-
[pdf]
[bibtex]@InProceedings{Lou_2022_CVPR, author = {Lou, Qian and Hsu, Yen-Chang and Uzkent, Burak and Hua, Ting and Shen, Yilin and Jin, Hongxia}, title = {Lite-MDETR: A Lightweight Multi-Modal Detector}, booktitle = {Proceedings of the IEEE/CVF Conference on Computer Vision and Pattern Recognition (CVPR)}, month = {June}, year = {2022}, pages = {12206-12215} }
Lite-MDETR: A Lightweight Multi-Modal Detector
Abstract
Recent multi-modal detectors based on transformers and modality encoders have successfully achieved impressive results on end-to-end visual object detection conditioned on a raw text query.
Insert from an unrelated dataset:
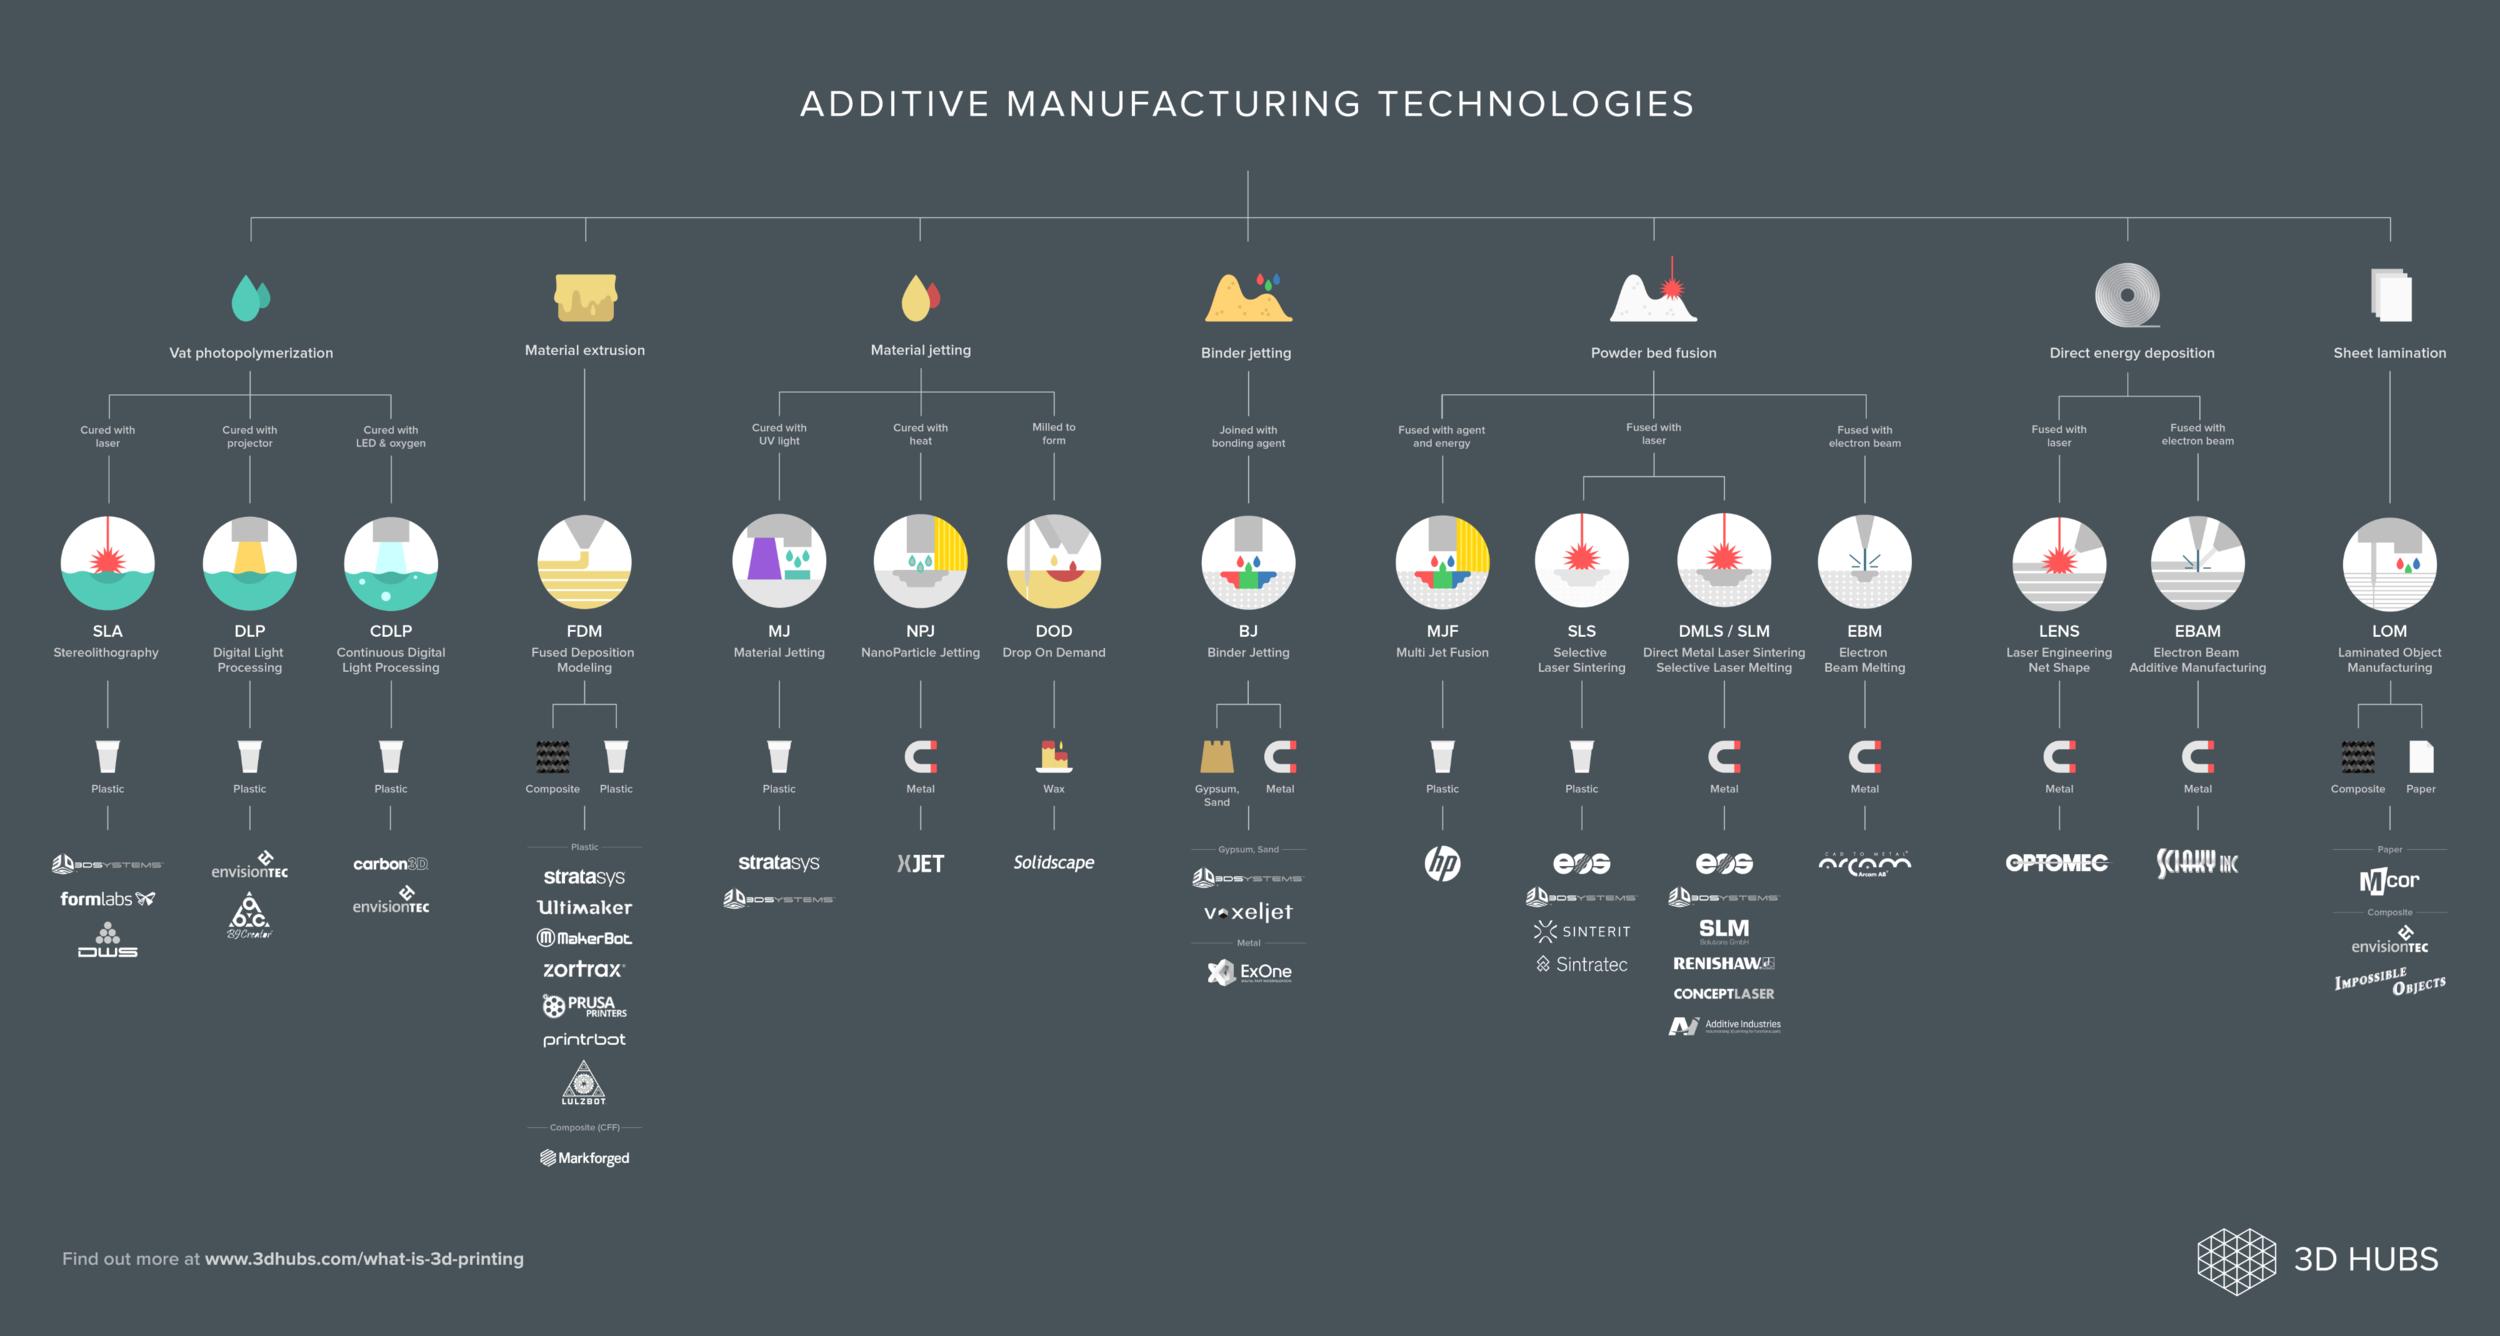 3D Hubs' 3D Printing Process Chart is Comprehensive, But…

However, they require a large model size and an enormous amount of computations to achieve high performance, which makes it difficult to deploy mobile applications that are limited by tight hardware resources. In this paper, we present a Lightweight modulated detector, Lite-MDETR, to facilitate efficient end-to-end multi-modal understanding on mobile devices. The key primitive is that Dictionary-Lookup-Transformormations (DLT) is proposed to replace Linear Transformation (LT) in multi-modal detectors where each weight in Linear Transformation (LT) is approximately factorized into a smaller dictionary, index, and coefficient. This way, the enormous linear projection with weights is converted into lite linear projection with dictionaries, a few lookups and scalings with indices and coefficients. DLT can be directly applied to pre-trained detectors, removing the need to perform expensive training from scratch. To tackle the challenging training of DLT due to the non-differentiable index, we convert the index and coefficient into a sparse matrix, train this sparse matrix during the fine-tuning phase, and recover it back to index and coefficient during the inference phase. Extensive experiments on several tasks such as phrase grounding, referring expression comprehension and segmentation show that our Lite-MDETR achieves similar detection accuracy to the prior multi-modal detectors with ~ 4.1xmodel size reduction.